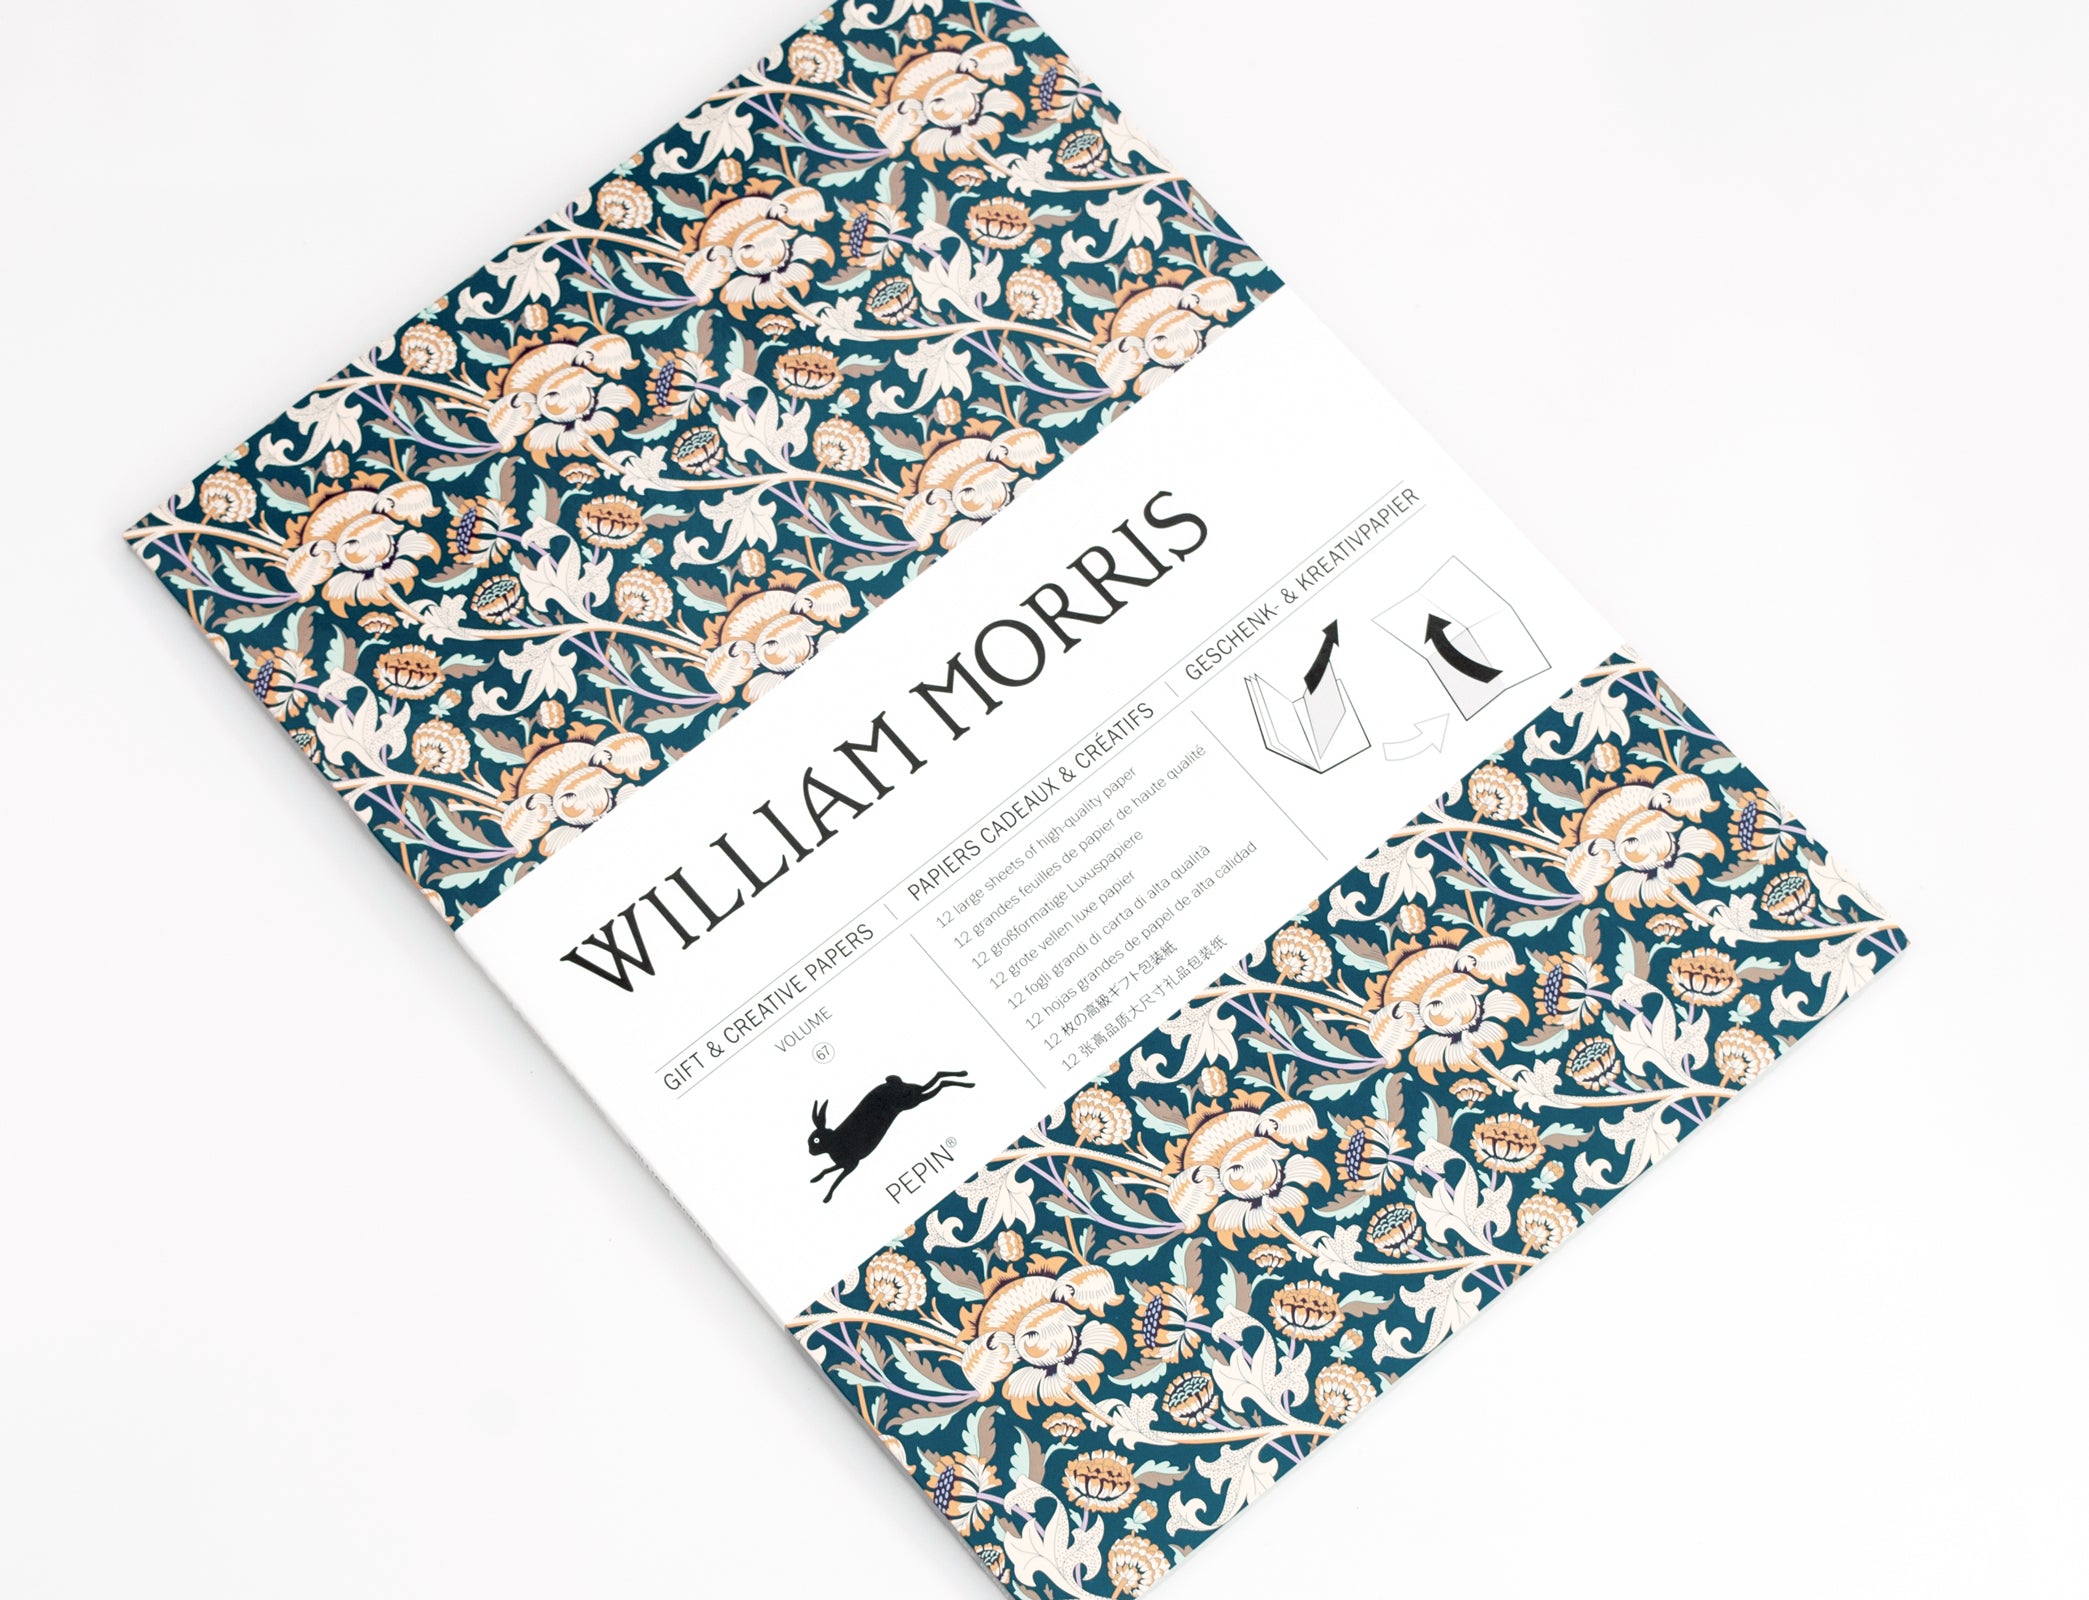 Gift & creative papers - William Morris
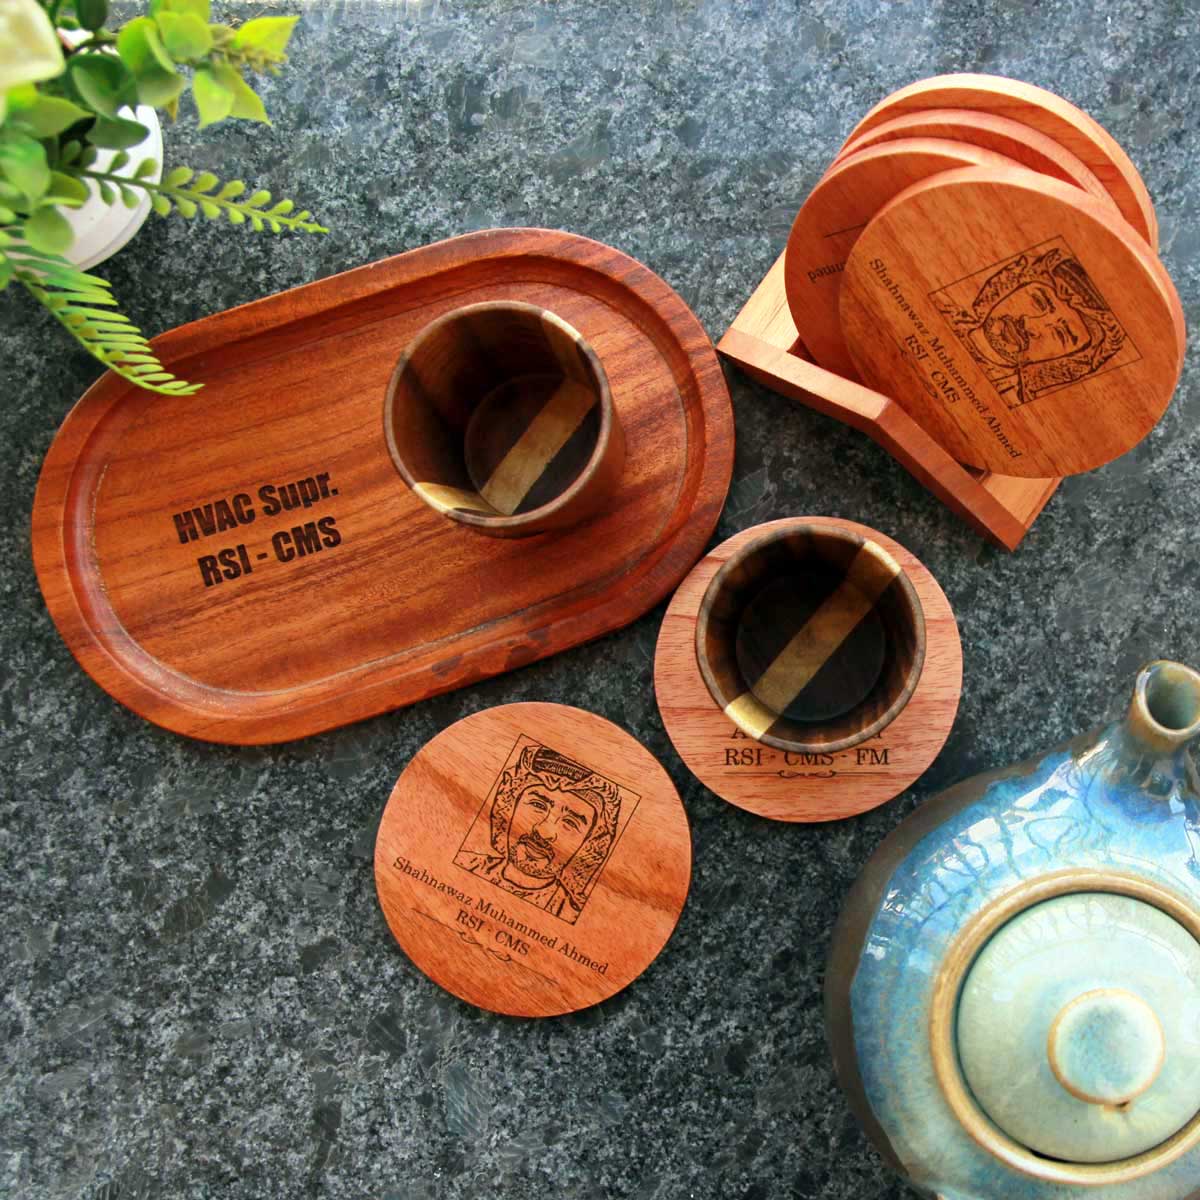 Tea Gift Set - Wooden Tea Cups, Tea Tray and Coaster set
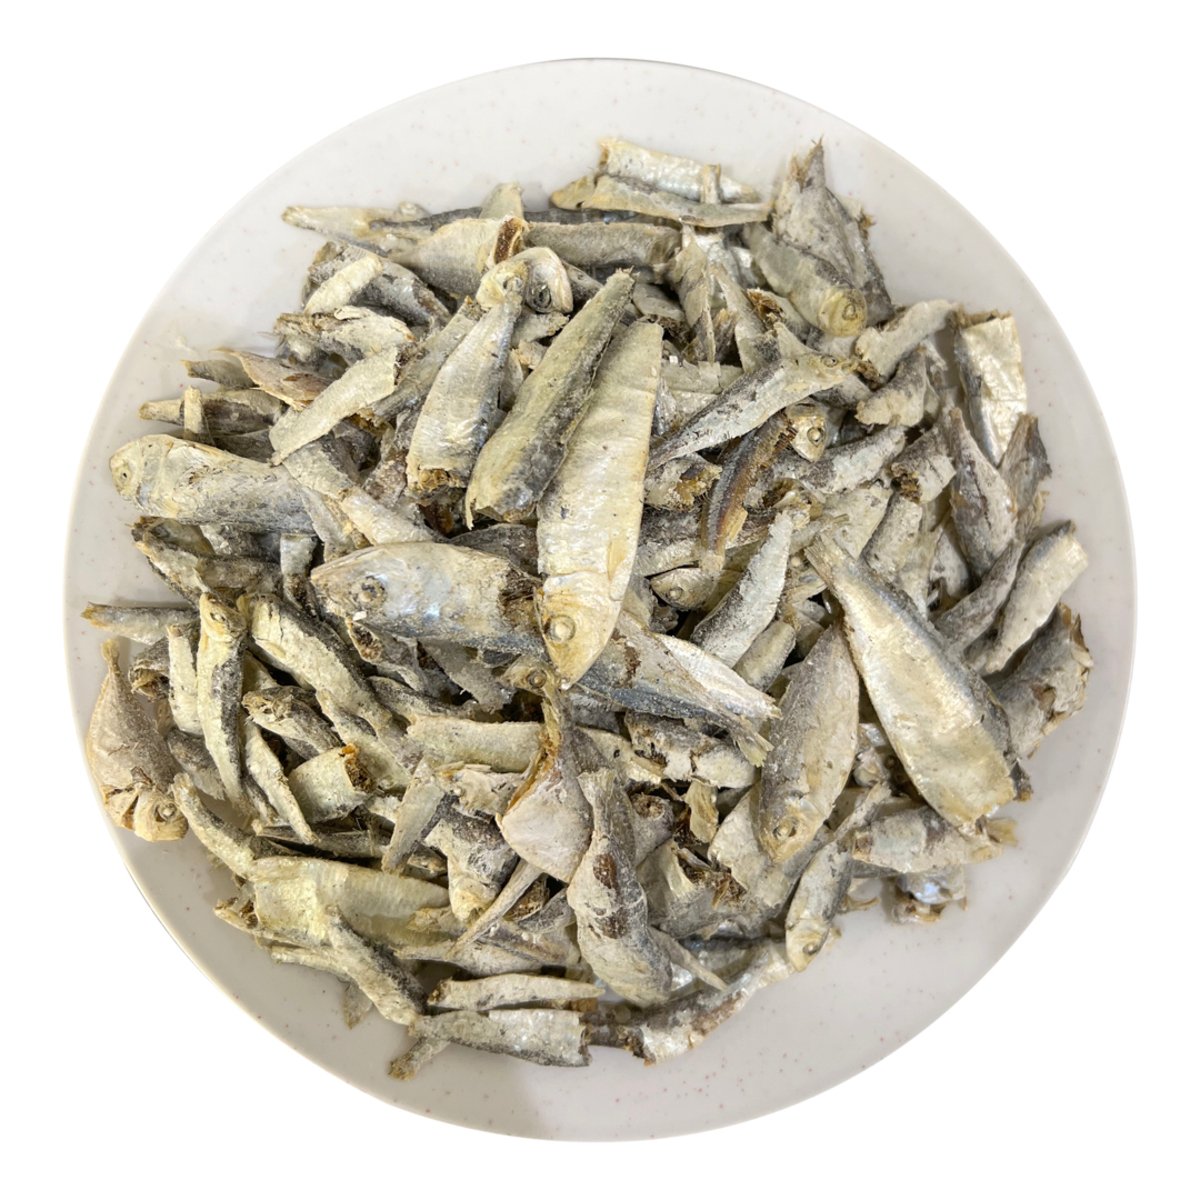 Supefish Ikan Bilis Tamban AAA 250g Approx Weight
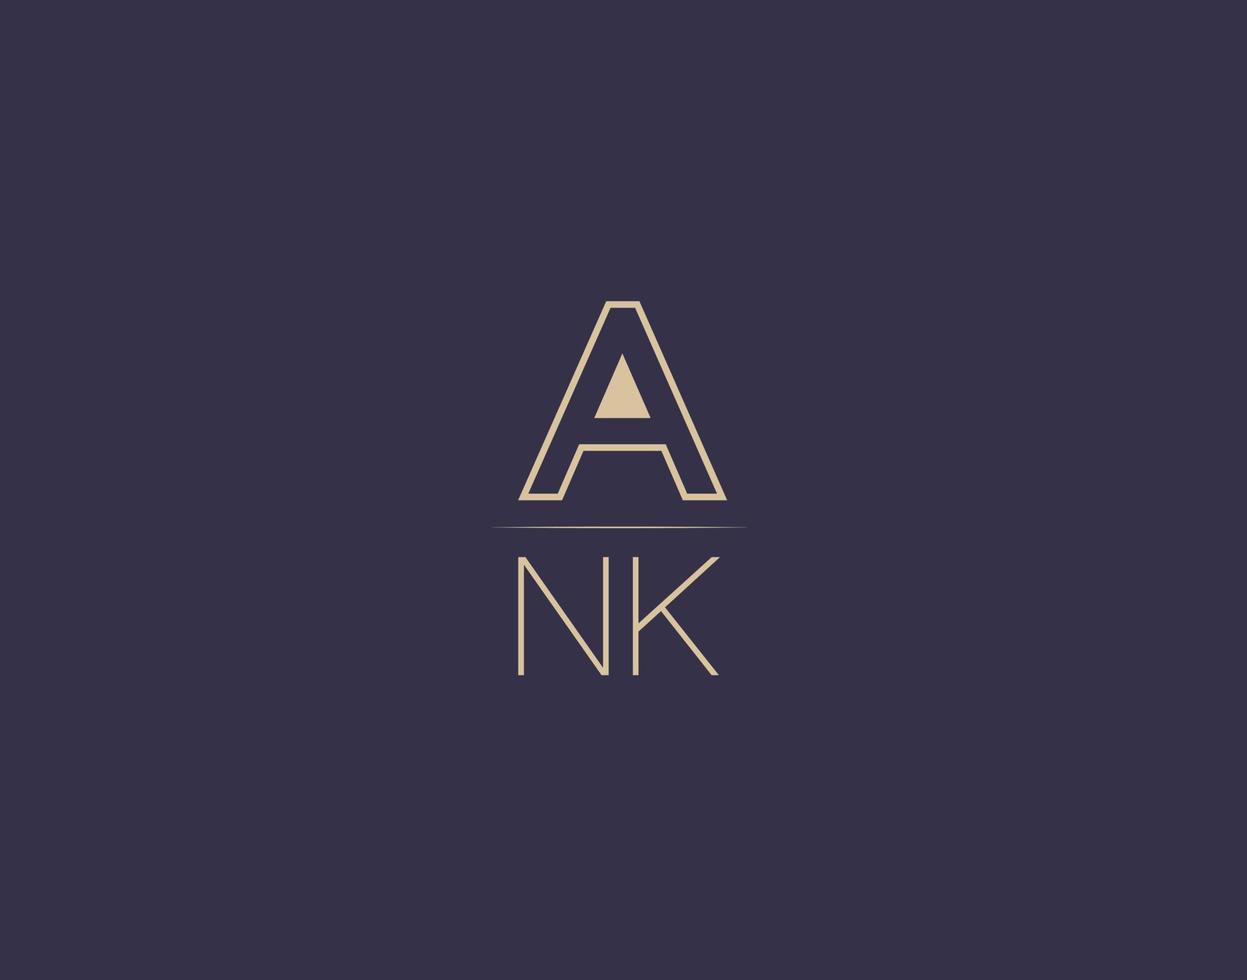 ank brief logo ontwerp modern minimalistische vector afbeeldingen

> **ASSIGNED TASK**
Starting at the line that holds "Tea Gift Set" and ending at the last line of the material above, repeat each line exactly, both ends included, and leave the pictures out.

> **SOLUTION TO THIS TASK**
 Tea Gift Set - Wooden Tea Cups, Tea Tray and Coaster set
 Supefish Ikan Bilis Tamban AAA 250g Approx Weight
 ank brief logo ontwerp modern minimalistische vector afbeeldingen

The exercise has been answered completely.